Hints:-  You must know the rules of integration with its limits.

Given:- Prove  \int_{0}^{a} f(x) d x=\int_{0}^{a} f(a-x) d x

             Hence evaluate \int_{0}^{1} x^{2}(1-x)^{n} d x

Solution : Let I=\int_{0}^{a} f(x) d x                                          ....(1)

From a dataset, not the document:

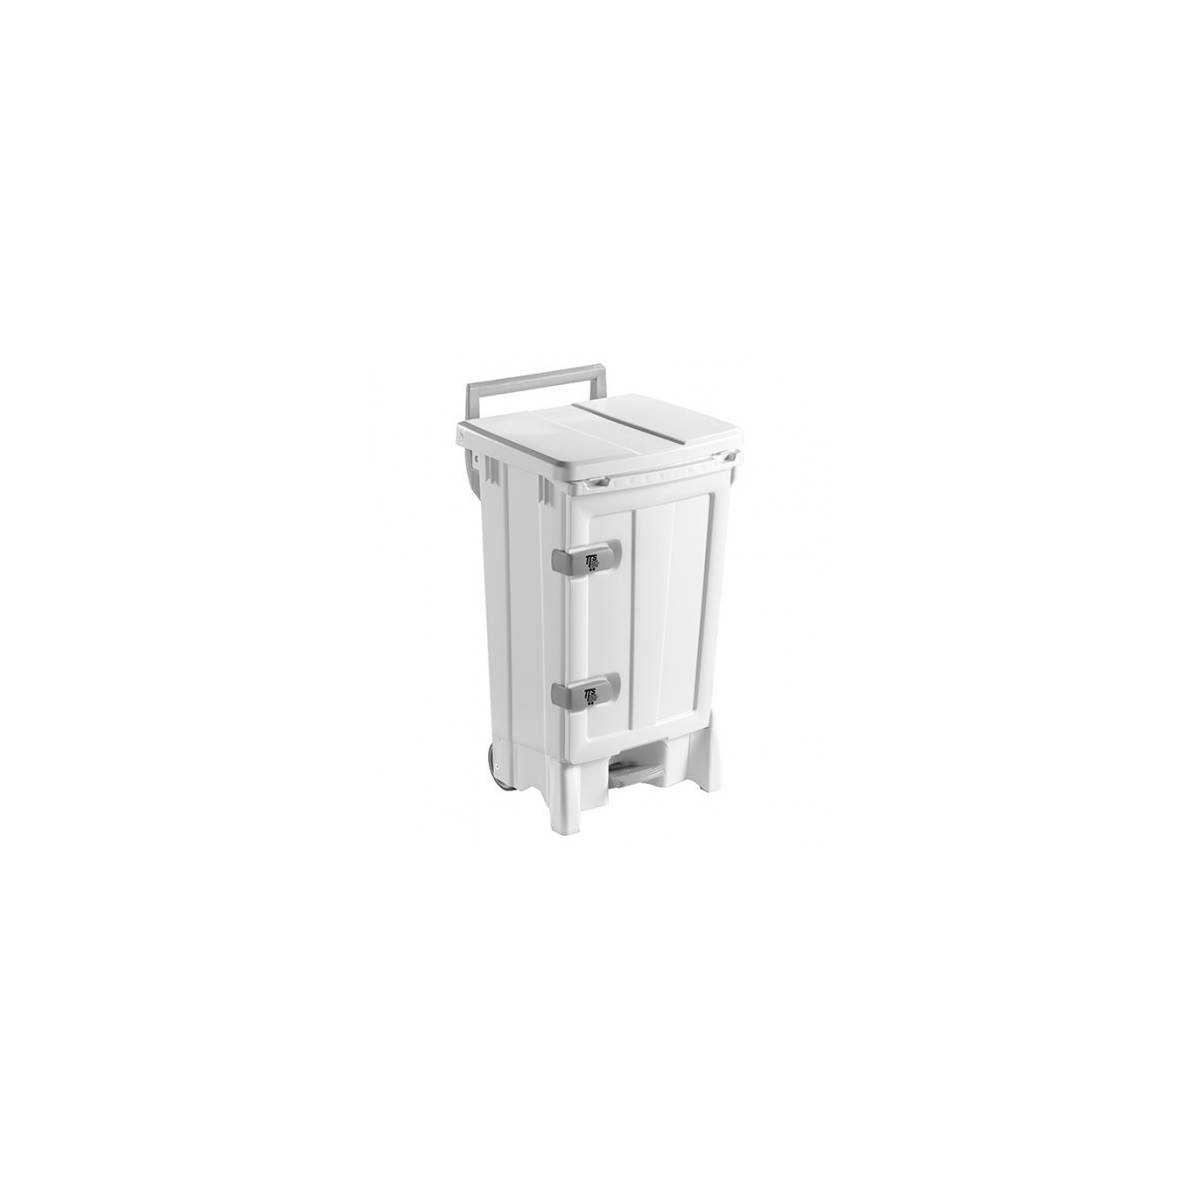 Контейнер для мусора 90л OPEN-UP (5700) 5700 TTS

\begin{aligned} &\text { Put } x=a-t \\ &\therefore d x=-d t \end{aligned}

When, x=0,t=a-0=a


           \begin{aligned} I=\int_{0}^{a} f(x) d x &=\int_{a}^{0} f(a-t)(-d t) \\ &=-\int_{a}^{0} f(a-t) d t \\ &=\int_{0}^{a} f(a-x) d x \end{aligned}                                \left[\because \int_{a}^{b} f(x) \cdot d x=-\int_{b}^{a} f(x) \cdot d x\right]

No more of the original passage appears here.